How much would it cost to realise the United Nations Sustainable Development Goals (UN SDGs)? According to the Global Commission on the Economy and Climate, $90 trillion over the next 15 years.
By de-risking financing with capital from public sources, blended finance could be the key that achieves the UN's SDGs. What is it – and how does it work?
This level of investment would unlock the development of sustainable infrastructures and technologies worldwide in five key economic systems: energy, cities, food and land use, water and industry. This cannot be achieved without mobilising finance at scale.
Risk, risk, go awayHowever, only a small percentage of the private sector's invested assets currently target projects and regions that could advance sustainable development. For example, why is solar power not thriving in Africa, the sunniest continent in the world?
It is mainly a matter of risk, real or perceived. Political and social instability, corruption, war, and climate risk are just some of the reasons companies do not invest. Moreover, poor infrastructure and lack of local specialists tend to lead to delays and higher costs: poor returns for the risk keep private investment at bay.

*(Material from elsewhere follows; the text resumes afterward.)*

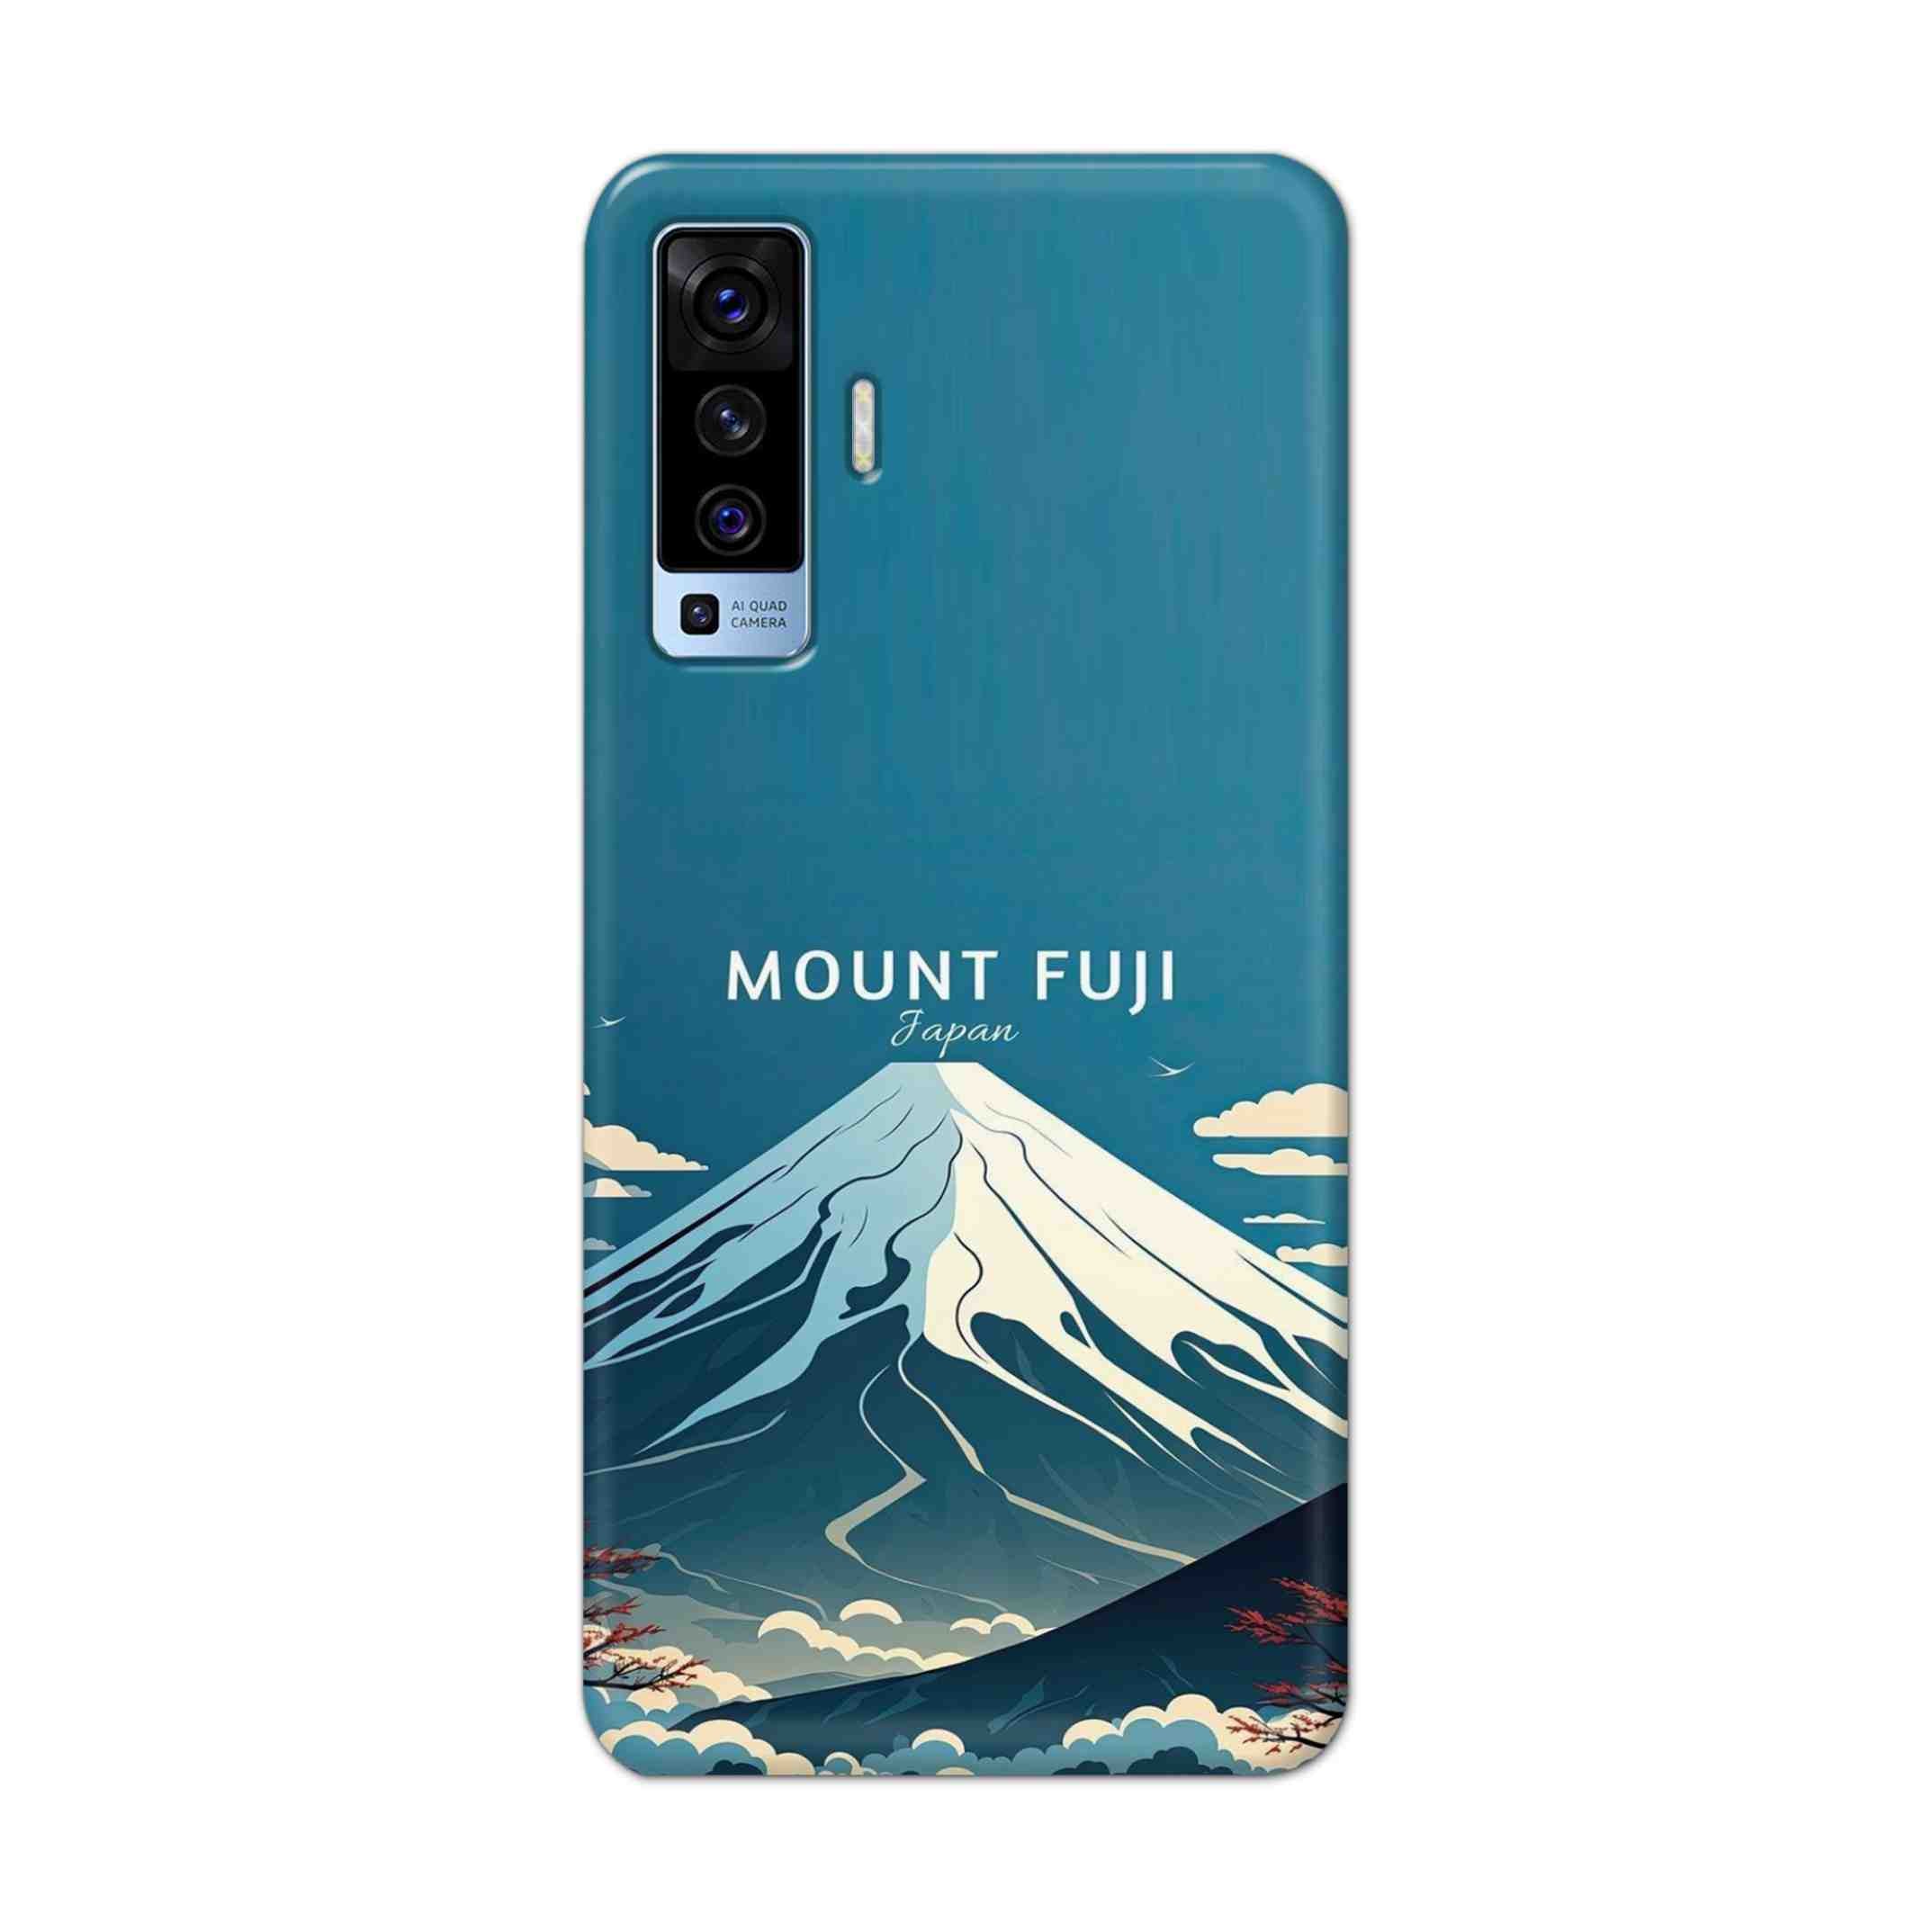 Buy Mount Fuji Hard Back Mobile Phone Case Cover For Vivo X50 Online

The public sector has a decisive role to play in unlocking the power of private finance. While public finance and development finance institutions (DFI) cannot alone meet the SDGs, organisations such as the United Nations (UN), the World Bank and the One Planet Summit (OPS) aim to put in place the necessary commitments and actions to realise the goals of the Paris Agreement on Climate Change. Of the various solutions, which include everything from public-private partnerships to concessions and subsidies, blended finance is one of the most promising approaches to bridging the funding gap.

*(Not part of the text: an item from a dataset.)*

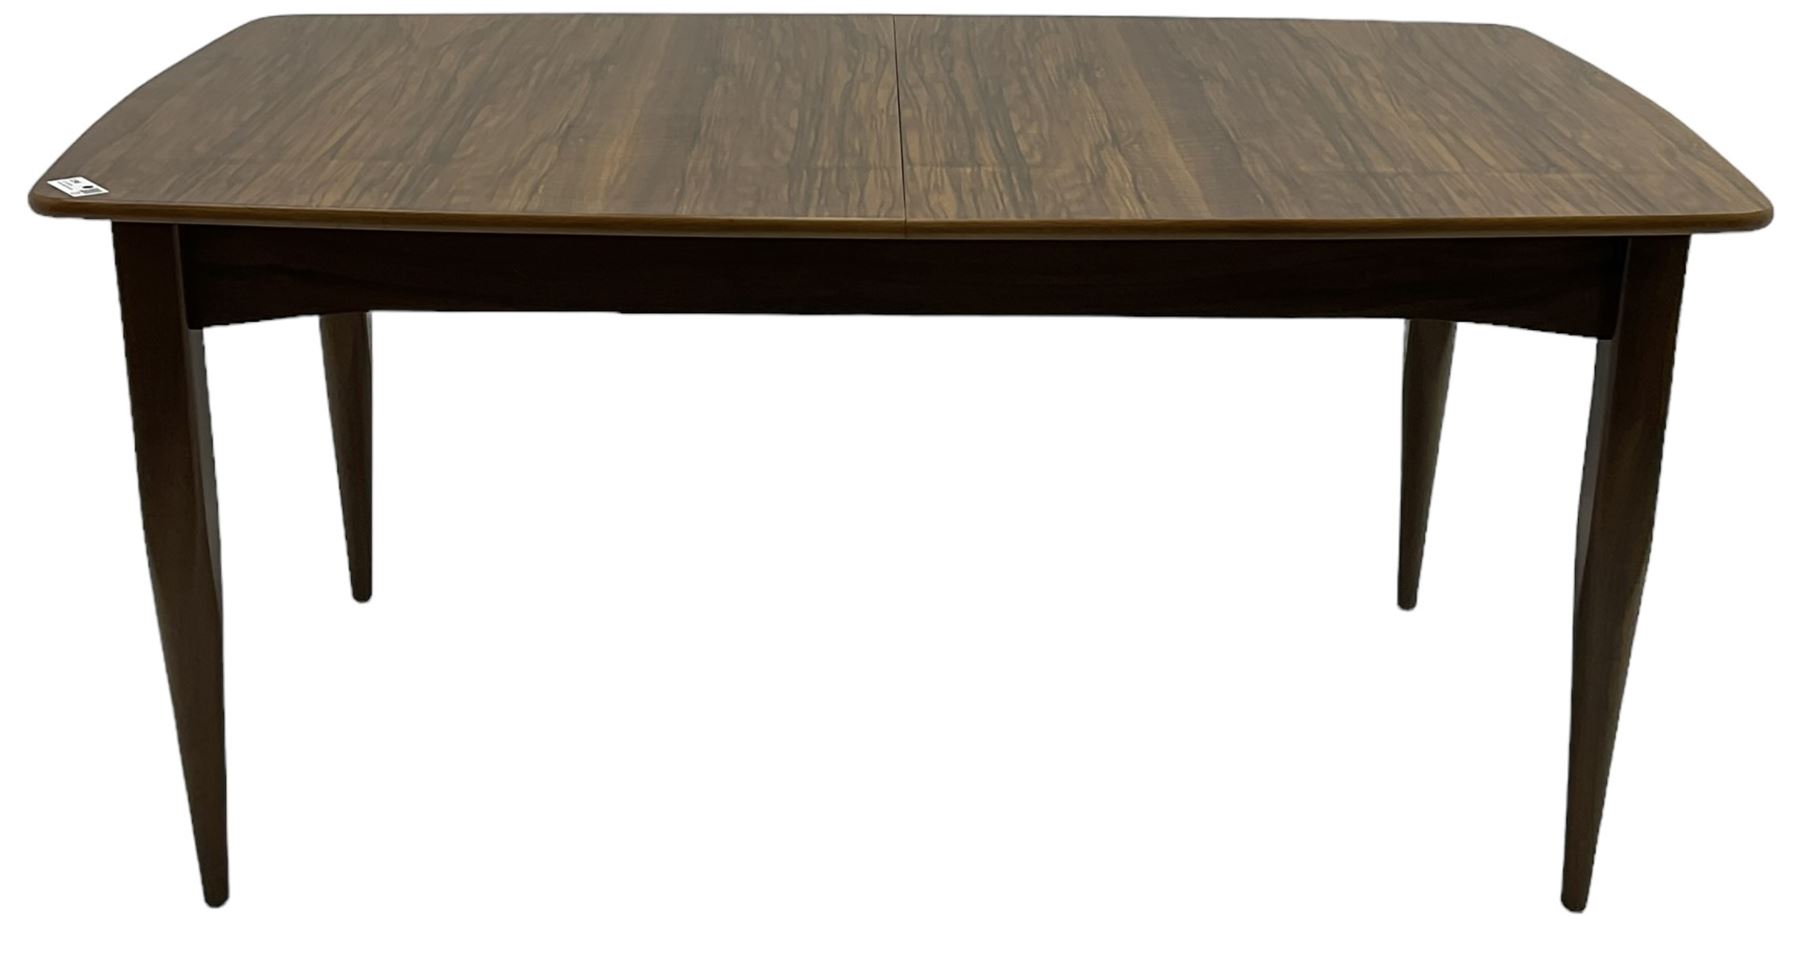 Mid-20th century figured walnut extending dining table - Image 5 of 6

What is blended finance?Convergence, a global advocate for blended finance, defines it as "the use of catalytic capital from public or philanthropic sources to increase private sector investment in developing countries and sustainable development". Blended finance is a structuring approach based on mixing public and private capital in a common and complementary investment scheme. Its goal being to mitigate early-entrant risks and costs – therefore attracting pioneering investments from the private sector – blended finance sets up investable opportunities in developing countries.
Blended finance transactions have three key objectives:
- Enhanced impact while contributing to achieving the SDGs by combining the skillsets and resources of public and private sector organisations pursuing blended objectives (a mix of environmental, social, economic and market-rate financial return)

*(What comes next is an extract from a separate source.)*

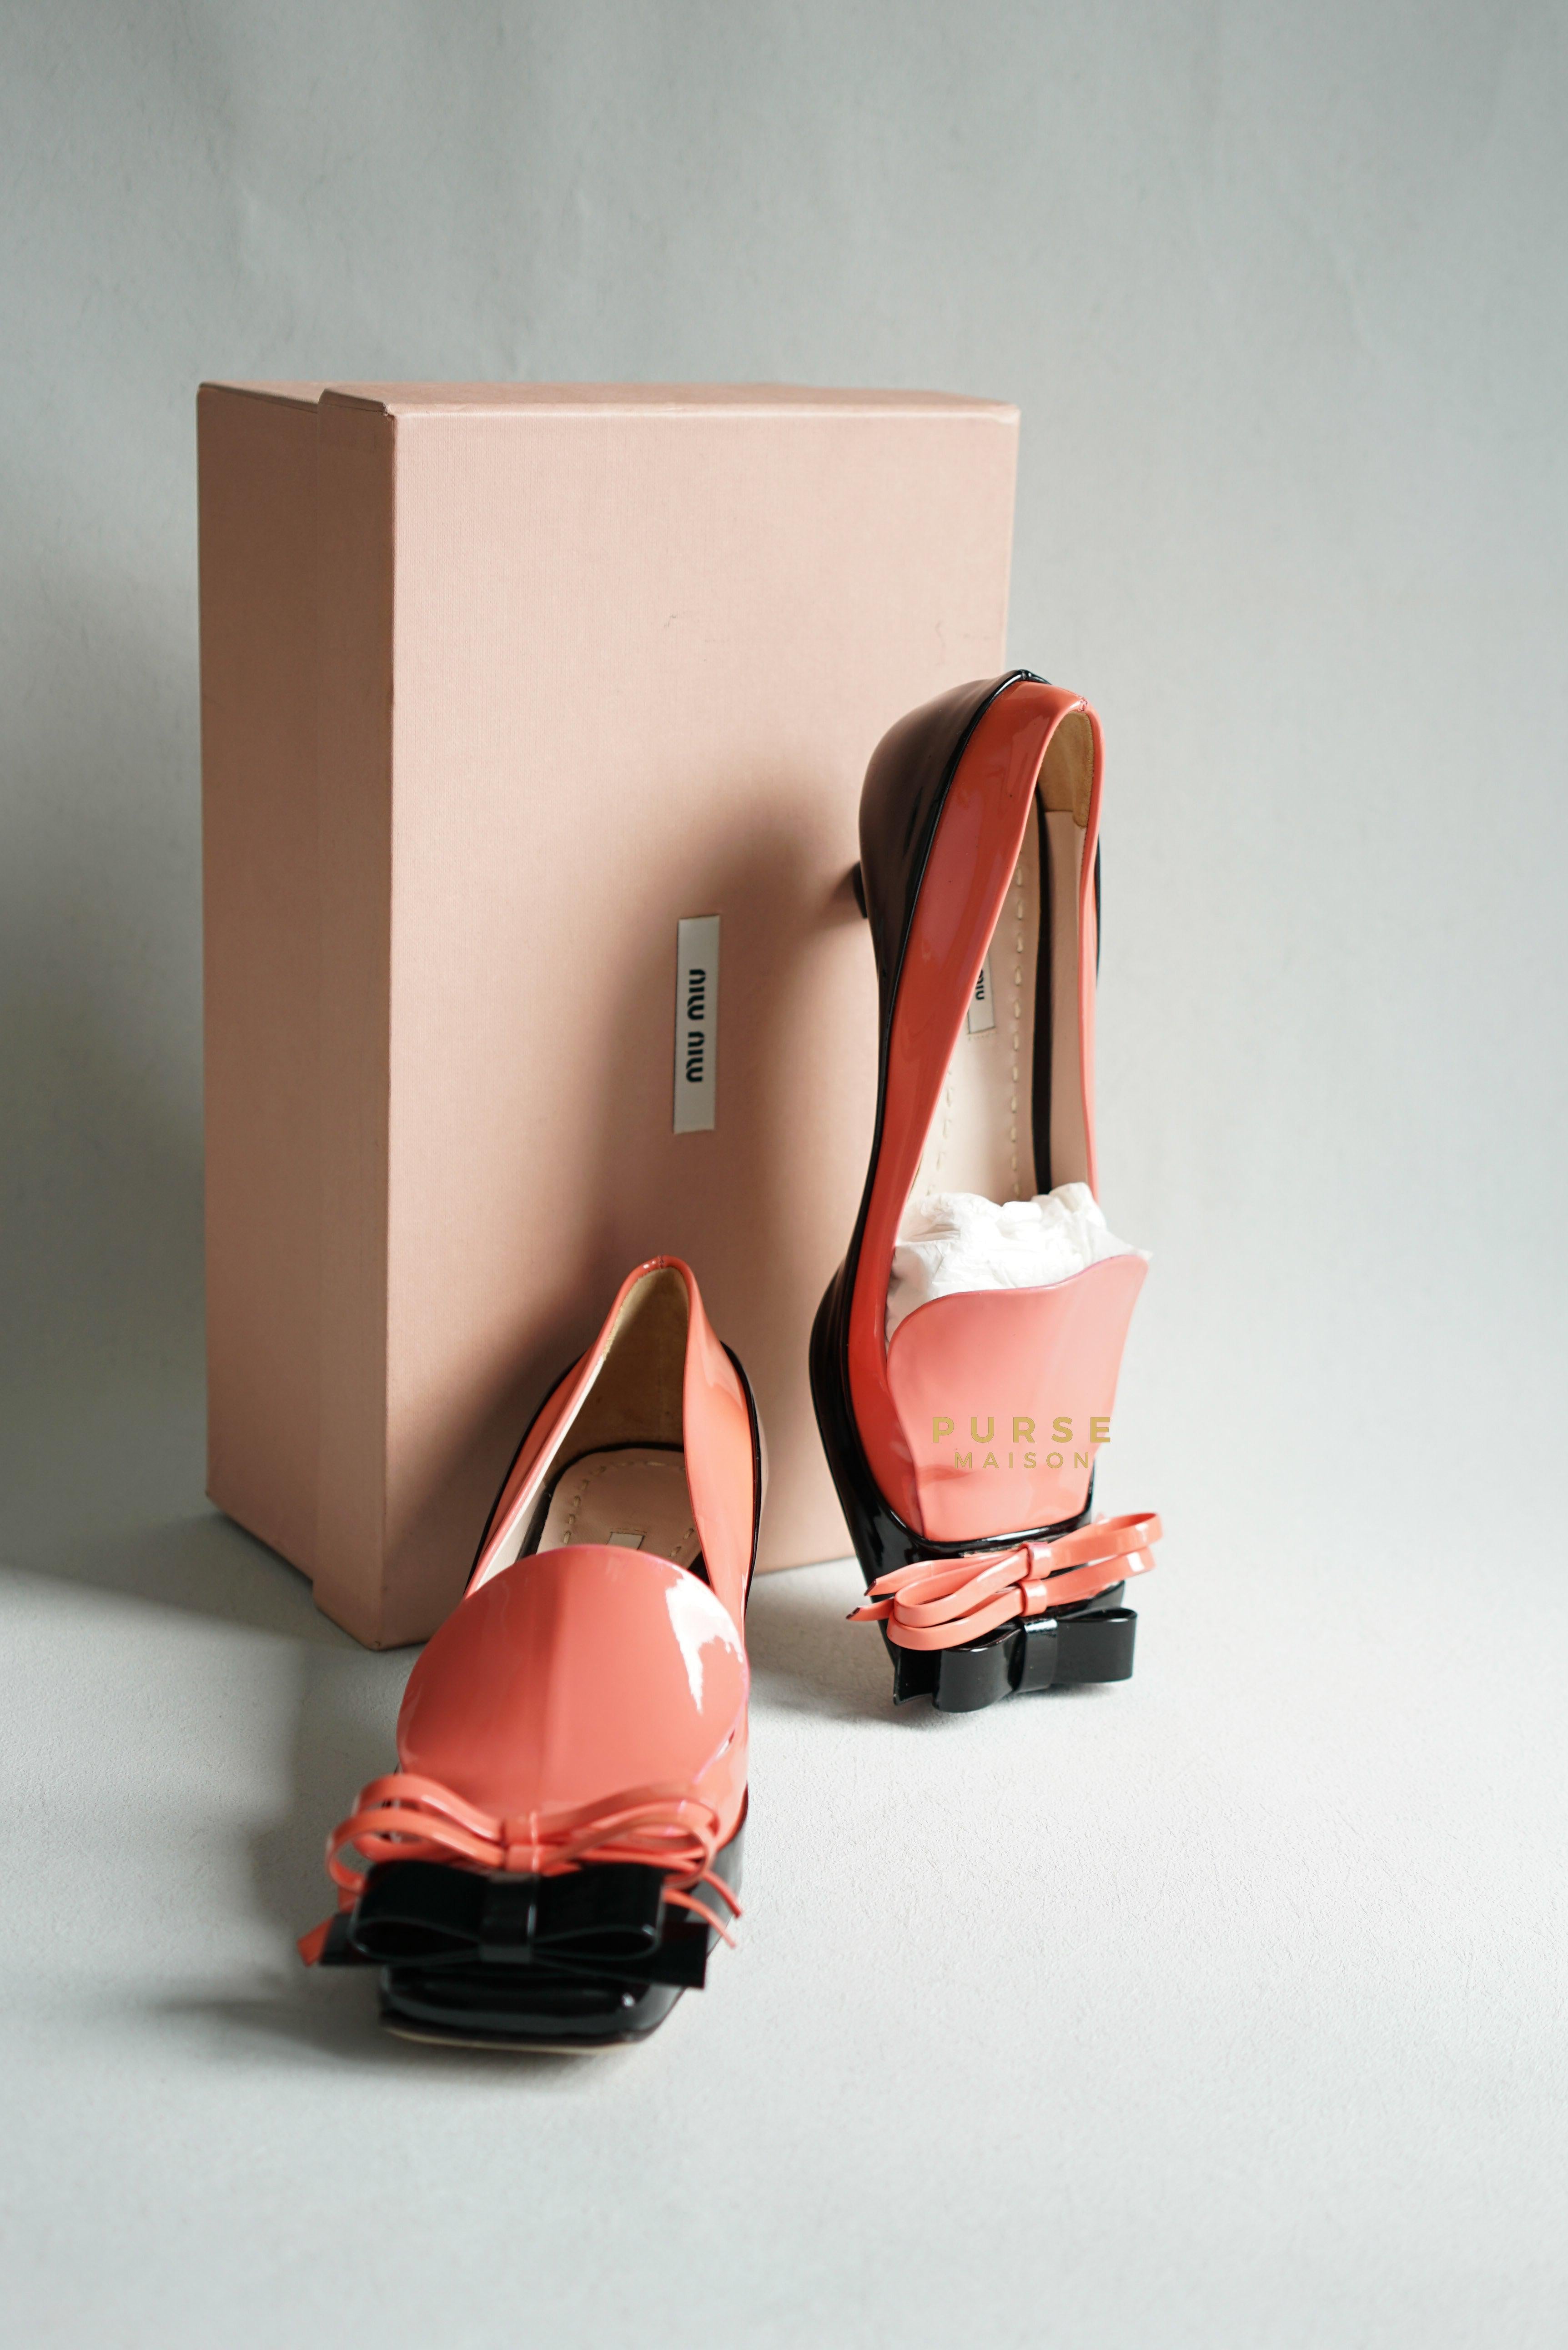 Miu Miu Double Bow Black/Pink Patent Leather Heels Size 36 | Purse Maison Luxury Bags Shop

- Increase capital leverage by de-risking: public and/or philanthropic parties play a "catalytic" role by tranching the debt and isolating the risk to specialist development organisations (such as international agencies, development banks and export finance agencies), then unlocking private investments
- Bring risk-adjusted returns: yielding positive financial returns, the parties involved in a blended finance structure have different expectations of returns, ranging from concessional to market-rate
A case of blended finance: Tropical Landscape Finance Facility
The Tropical Landscape Finance Facility (TLFF), launched in 2017, was set up as a financing platform and grant fund with the aim of fighting deforestation and stimulating sustainable rural jobs in Indonesia. Bringing together public and private actors, TLFF benefited from blended expertise of the United Nations Environment Programme (UNEP), the World Agroforestry Centre, the Hong Kong-based investment manager ADM Capital and BNP Paribas, and the World Wildlife Fund.
Using the platform, Hong Kong-based ADM Capital made a series of long-term loans to finance projects in agriculture, forest conservation and renewable energy (in IDR and USD), with guarantees from the United States Agency for International Development (USAID). BNP Paribas packaged the loans into securitised multi-tranche medium-term notes, which were sold on to investors that had hitherto not had access to green finance.
Taking advantage of this facility, Michelin, a pioneer in sustainable supply chains, developed a new kind of rubber plantation in locations formerly devastated by rampant deforestation. Sixteen thousand jobs were created through the plantation of sustainable high-yielding rubber trees. At maturity, the plantation will represent 10% of natural global rubber purchased by Michelin.